The discovery of this tomb and its fabulous contents set in train a global demand for Egyptian antiquities and gave birth to a huge industry in the trafficking of Egyptian artefacts. This industry continues relentlessly, fuelled by conflict, greed, social upheaval and the global money laundering industry.


Referring to Egypt's handling of this problem, Dr Khaled El-Enany explained his country was having some success recovering stolen artefacts. “Over the last three years, Egypt was able to locate about 1136 stolen artefacts from 68 countries who showed a serious partnership and a respect for ethics”, he explained. 


However, speaking to  Returning Heritage after the official launch about the recent sale at Christie’s of a quartzite head of Amun, which dates from the period of Tutankhamun, he added “we were very sad and shocked in Egypt to see artefacts put up for sale without any provenance certificate or provenance document – or refusing to share it”. 


“Accepting and selling an antiquity without showing provenance means you are accepting to finance terrorism” he maintained.

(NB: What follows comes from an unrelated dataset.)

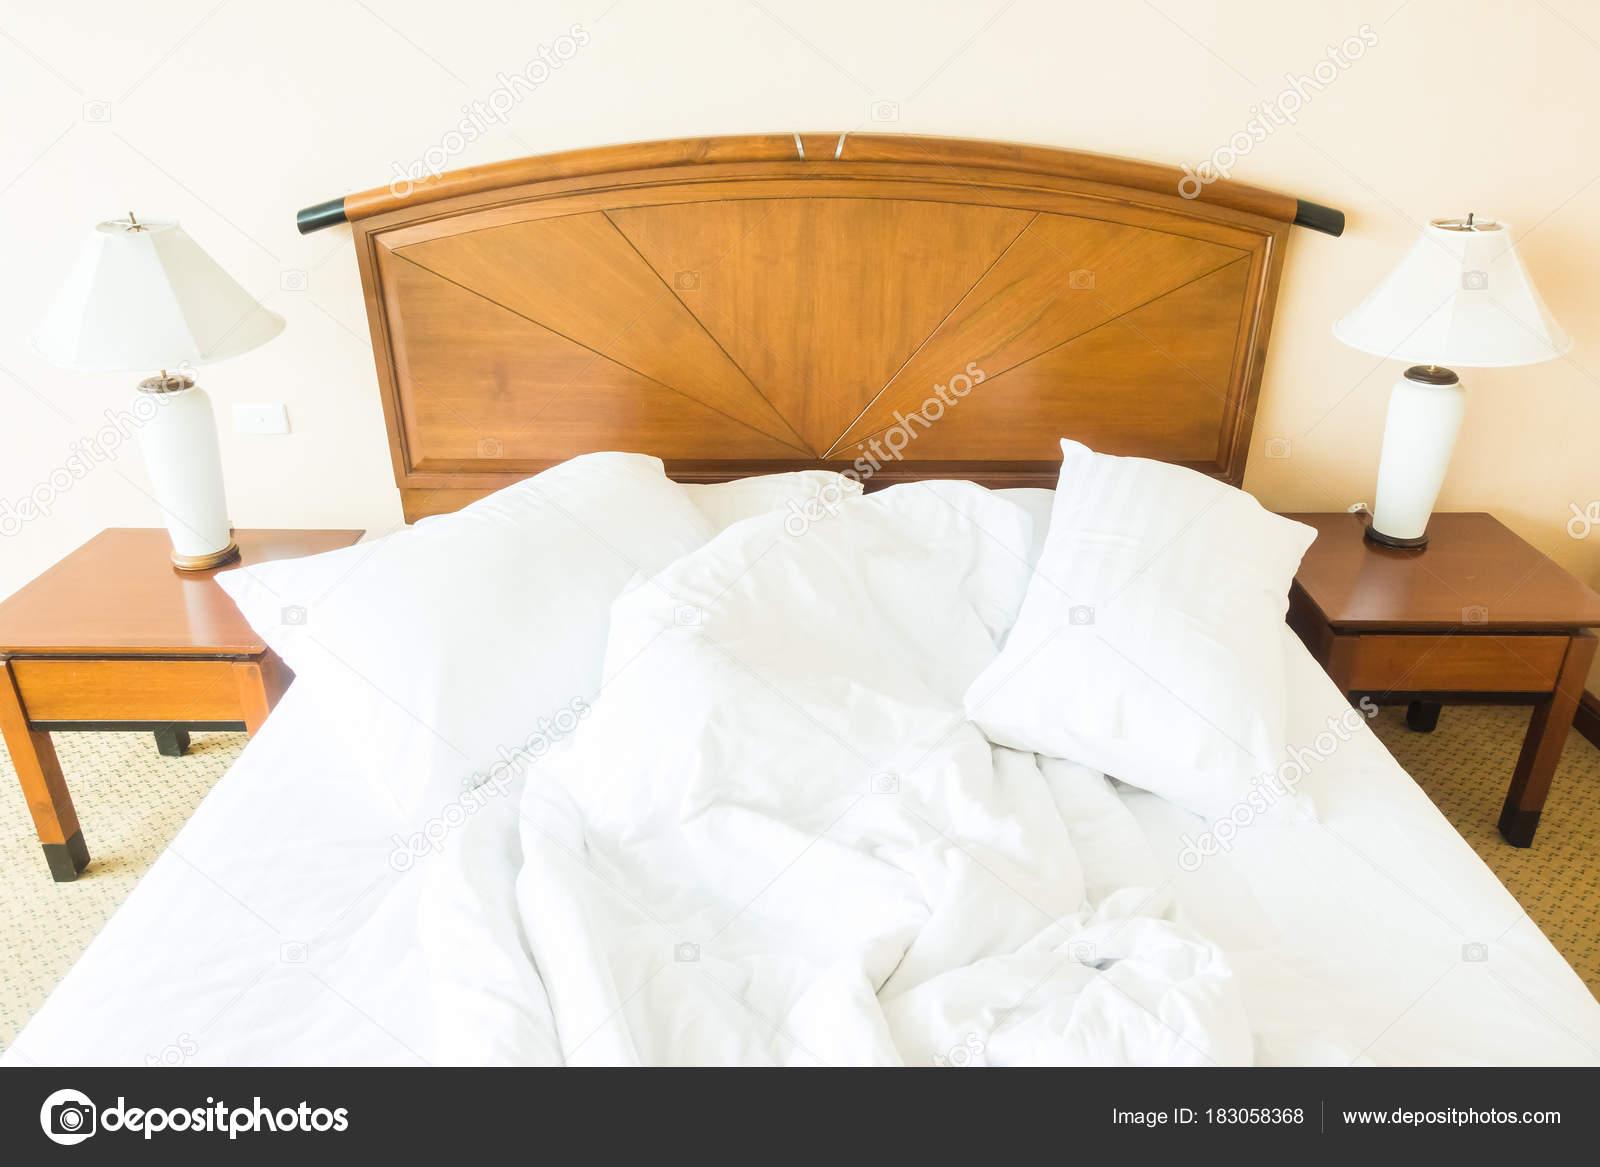 kissen bett free kopfkissen with kissen bett elegant baumwolle kissen dreieck taille brostuhl. Black Bedroom Furniture Sets. Home Design Ideas

TUTANKHAMUN: Treasures of the Golden Pharaoh

presented by Viking Cruises


After this was written......


A BBC News Arabic documentary broadcast in July 2020 has questioned the legality of the exhibition contract, signed in 2017 between Egypt's Ministry of Antiquities and the private company Exhibitions International.  An Egyptian lawyer, Sayed Said, filed a lawsuit against the Ministry in early 2018 claiming the government has violated a stipulation in Egypt's Antiquities Protection Law that allows artefacts to be exhibited abroad providing they are not "unique".  The lawsuit has yet to be heard in court.  Were the lawsuit to succeed, it would cut short the exhibition's remaining global tour in the US.  The London exhibition closed earlier than planned due to the Covid-19 virus.